The rebounding thing, it’s been really easy. We play a ton of the live, half-court, full-court, but a lot of half-court live. We don’t do many drills. We very rarely drill anything. We just change the rules of five on five in the half-court. If you don’t go, you get yelled at. We’ve been a top 10 defensive rebounding team, I think, for the last four or five years, and we’ve been really, really small. We’ve still been top 10 in it because we send five to the defensive glass with relentless pursuit. For us, it was just now letting them do it on offense as well. In our practice, you don’t get yelled at for a lot. You can play bust, you can do whatever you want, but if you turn it over or you don’t crash in now on offense or defense, it is stop practice, crash. Early in the preseason, some of our scrimmages, we did a lot of inter-squad scrimmages to try to teach the crashing and to try to teach the pace in the sets. It was not only I would stop the inter-squad, I’d sub you out, even though we don’t do that anymore, but we did it early. I’d show it on film three times. By the end, if you were the one guy who had three missed crashes, it became such a big deal that you had to change. We have a lot of negotiables on both sides of the ball. The crashing every time on both sides and the turning it over are not in that mix of negotiable things.
Dan 46:22
When you say crash a defensive glass, box out versus crash and go get it philosophy. Like, could you go a little deeper on that?
Matt Majkrzak 46:29
I personally don’t like boxing out. I think it started with, we switched five for two years in a row, every ball screen. And so we constantly ended up cross-matched with our guards on bigs because everybody tried to pick on it. And that was the first year we were, I think we finished sixth in the country in defensive rebounding percentage. Because we were so worried about it. Everyone said, if you switch, you’re not going to defensive rebound.
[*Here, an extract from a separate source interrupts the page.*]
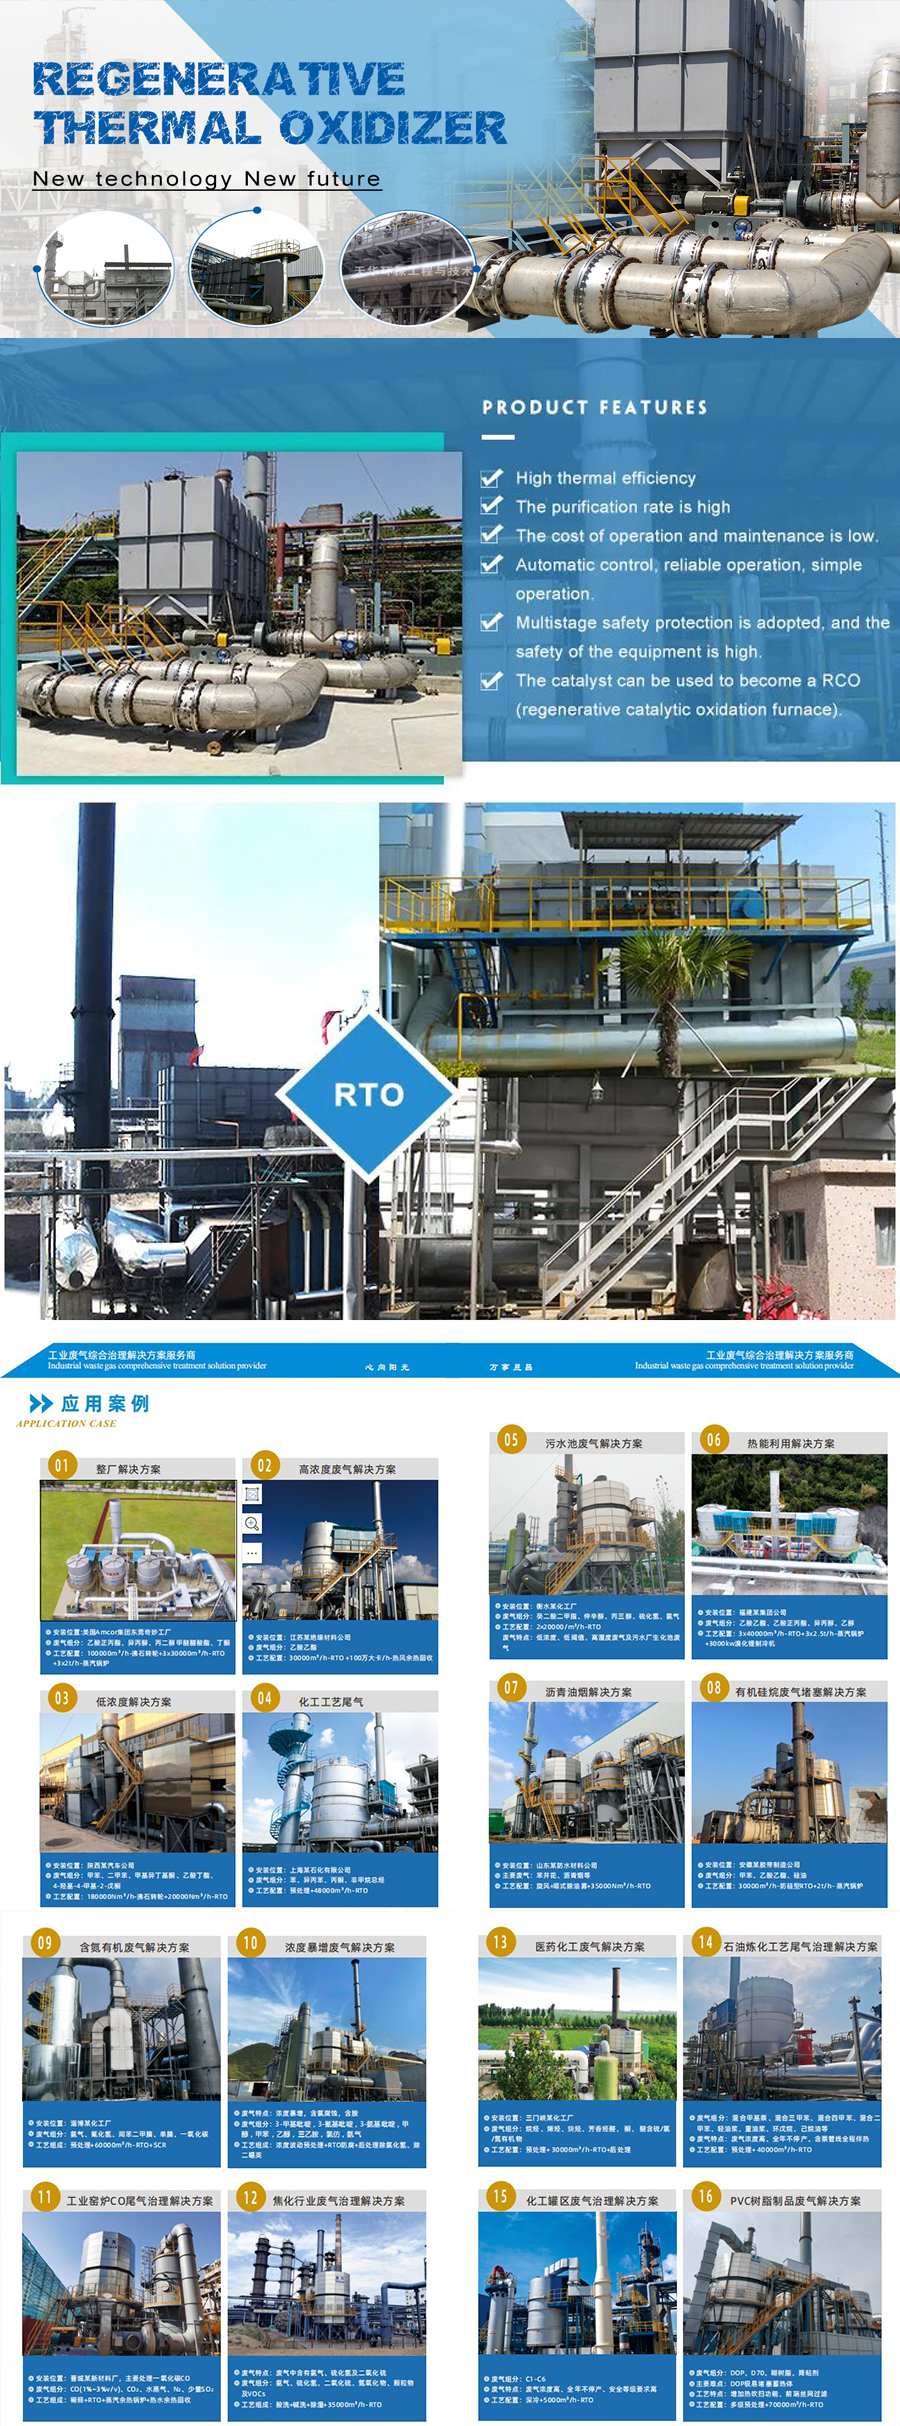 中国优质高效蓄热式氧化炉 - Rto 用于排出 Vocs  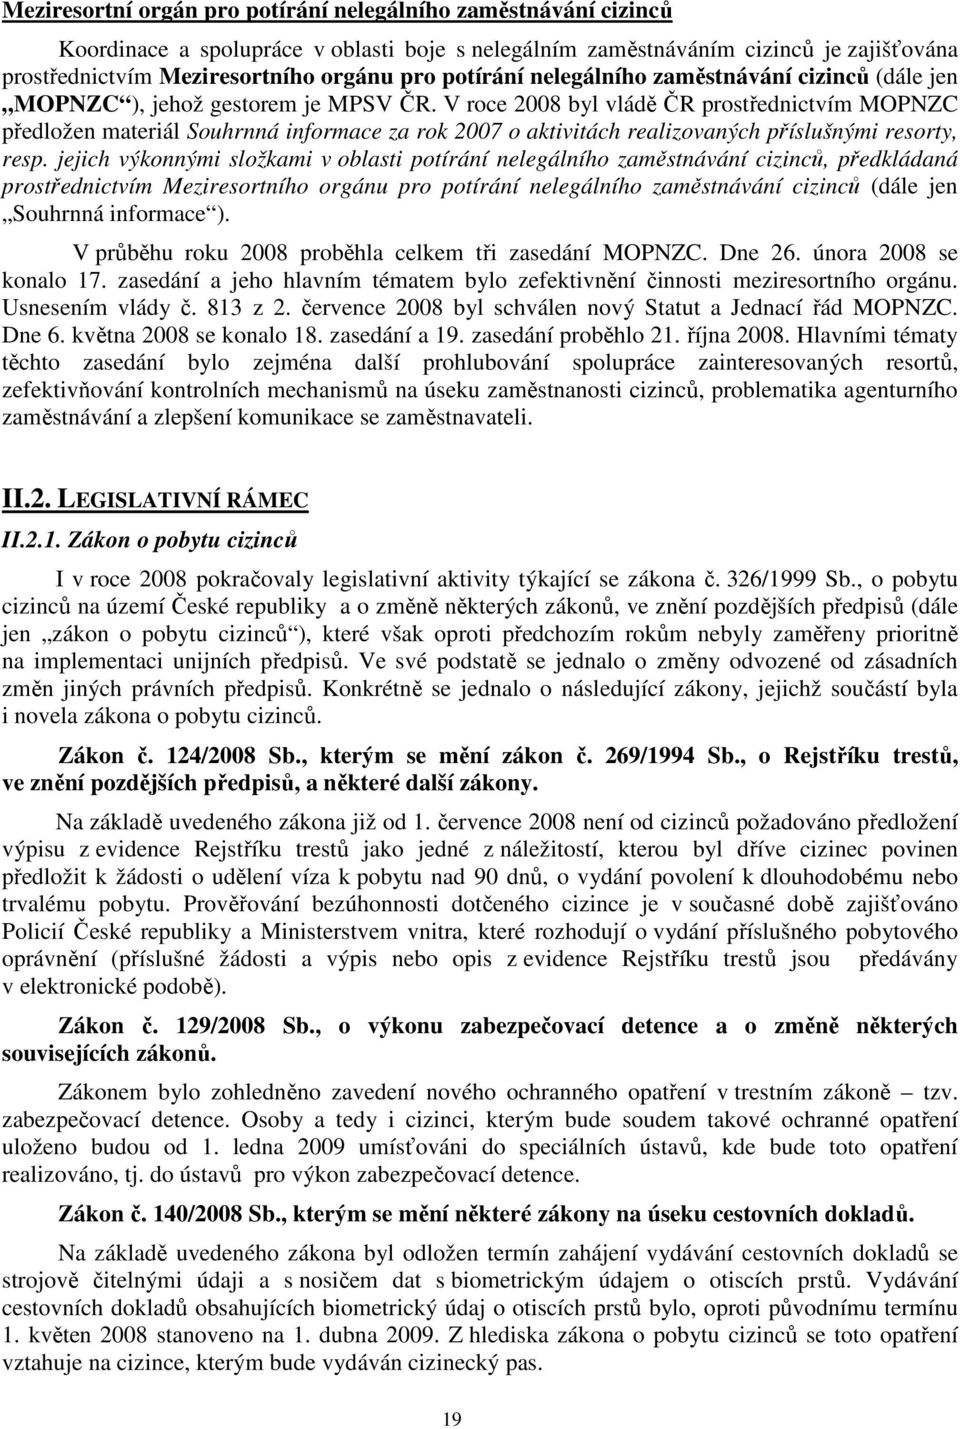 V roce 2008 byl vládě ČR prostřednictvím MOPNZC předložen materiál Souhrnná informace za rok 2007 o aktivitách realizovaných příslušnými resorty, resp.

And we started teaching basically, guards hold the big off and bigs run in there and grab it. Like, go take it. And, you know, there’s some subtleties to it. You got to stop at 15 feet. You can’t run in every time. But every time our five are going towards the rim 100% of the time, if you challenge a shot, that’s the hardest one to teach. They don’t always get back into play. But again, we’ll show that every single time on film, if you don’t do it. And we get good at that stuff. And just by having five in the fight, having tough kids, you know, preaching toughness over and over again, we just tend to win a lot of those balls. And I always feel like every half time I go in, I’m like, our defense rebounding sucks. And then I look at the stat sheet. I’m like, well, they got three, but all three hurt our soul. And it’s definitely one of those things. I think it has to become part of your culture. And that was why this offensive rebounding thing, I think transitioned so well for us. Because now it’s, I mean, if the other team gets a ball, you would think the world has ended by looking at the faces of not me, like, I’m actually better at our staff. Those two guys are convinced every time we give up a rebound on either side, that we’re the softest team in the country and have no effort. And I’m like, guys, we out rebounded by 16 today. And they’re like, yeah, but we could add another 12 if we just would have grabbed it or if we would run a little harder. And now the players are there, which is the key. And it’s like every time another team gets a rebound, we think we got fouled and it’s the rest fall. They made a bad call on the out of bounds, because certainly it’s our ball or an active God happened to allow him to get rebounded. That’s the mindset that I think has helped more than anything else. Because we are not big by traditional standards and we’re not bouncy by traditional standards, but we do a heck of a job at rebounding.
Pat 48:45
All right, coach, our last start subset for you has to do with the lock left defense, and we’re going to call this one our tough to teach. So tough to teach with the lock left defense.
So option one is just the on the ball angles of the on-ball defender. There are angles within the lock left defense, the actual ball screen coverage within the lock left defense, or your help side rotation within the lock left defense. Tough to teach.
Matt Majkrzak 49:16
to teach. Start the help side rotation. That’s why we’ve done it every year as part of what we do and that we change how extreme we’re lock left. This is the least lock left principle we’d ever been.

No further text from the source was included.